What you will do: The required output consists solely of the lines from the top of the listing through the line containing "Elizabeth I /", transcribed exactly.
####################
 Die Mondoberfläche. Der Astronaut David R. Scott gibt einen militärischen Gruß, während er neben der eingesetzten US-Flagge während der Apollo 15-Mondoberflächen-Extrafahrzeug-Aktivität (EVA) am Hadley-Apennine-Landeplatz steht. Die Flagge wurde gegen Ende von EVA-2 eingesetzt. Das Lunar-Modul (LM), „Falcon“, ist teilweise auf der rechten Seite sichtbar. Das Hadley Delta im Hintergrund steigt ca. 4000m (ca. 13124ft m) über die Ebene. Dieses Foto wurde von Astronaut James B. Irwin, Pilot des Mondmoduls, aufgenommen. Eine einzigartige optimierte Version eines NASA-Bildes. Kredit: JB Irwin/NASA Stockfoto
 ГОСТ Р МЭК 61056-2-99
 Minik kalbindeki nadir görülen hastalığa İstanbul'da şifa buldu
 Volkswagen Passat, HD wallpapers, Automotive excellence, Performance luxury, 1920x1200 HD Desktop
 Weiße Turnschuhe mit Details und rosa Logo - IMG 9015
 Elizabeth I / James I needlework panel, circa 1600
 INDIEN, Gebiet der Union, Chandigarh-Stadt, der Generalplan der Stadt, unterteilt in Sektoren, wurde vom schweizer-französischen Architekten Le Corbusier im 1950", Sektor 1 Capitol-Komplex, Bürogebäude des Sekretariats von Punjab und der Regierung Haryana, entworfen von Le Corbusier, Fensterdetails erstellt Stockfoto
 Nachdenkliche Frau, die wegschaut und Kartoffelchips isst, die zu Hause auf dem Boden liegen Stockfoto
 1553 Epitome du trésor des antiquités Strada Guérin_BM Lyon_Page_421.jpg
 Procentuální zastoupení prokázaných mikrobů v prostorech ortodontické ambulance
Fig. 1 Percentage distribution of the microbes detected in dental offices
####################
Solution for this task:
 Die Mondoberfläche. Der Astronaut David R. Scott gibt einen militärischen Gruß, während er neben der eingesetzten US-Flagge während der Apollo 15-Mondoberflächen-Extrafahrzeug-Aktivität (EVA) am Hadley-Apennine-Landeplatz steht. Die Flagge wurde gegen Ende von EVA-2 eingesetzt. Das Lunar-Modul (LM), „Falcon“, ist teilweise auf der rechten Seite sichtbar. Das Hadley Delta im Hintergrund steigt ca. 4000m (ca. 13124ft m) über die Ebene. Dieses Foto wurde von Astronaut James B. Irwin, Pilot des Mondmoduls, aufgenommen. Eine einzigartige optimierte Version eines NASA-Bildes. Kredit: JB Irwin/NASA Stockfoto
 ГОСТ Р МЭК 61056-2-99
 Minik kalbindeki nadir görülen hastalığa İstanbul'da şifa buldu
 Volkswagen Passat, HD wallpapers, Automotive excellence, Performance luxury, 1920x1200 HD Desktop
 Weiße Turnschuhe mit Details und rosa Logo - IMG 9015
 Elizabeth I / James I needlework panel, circa 1600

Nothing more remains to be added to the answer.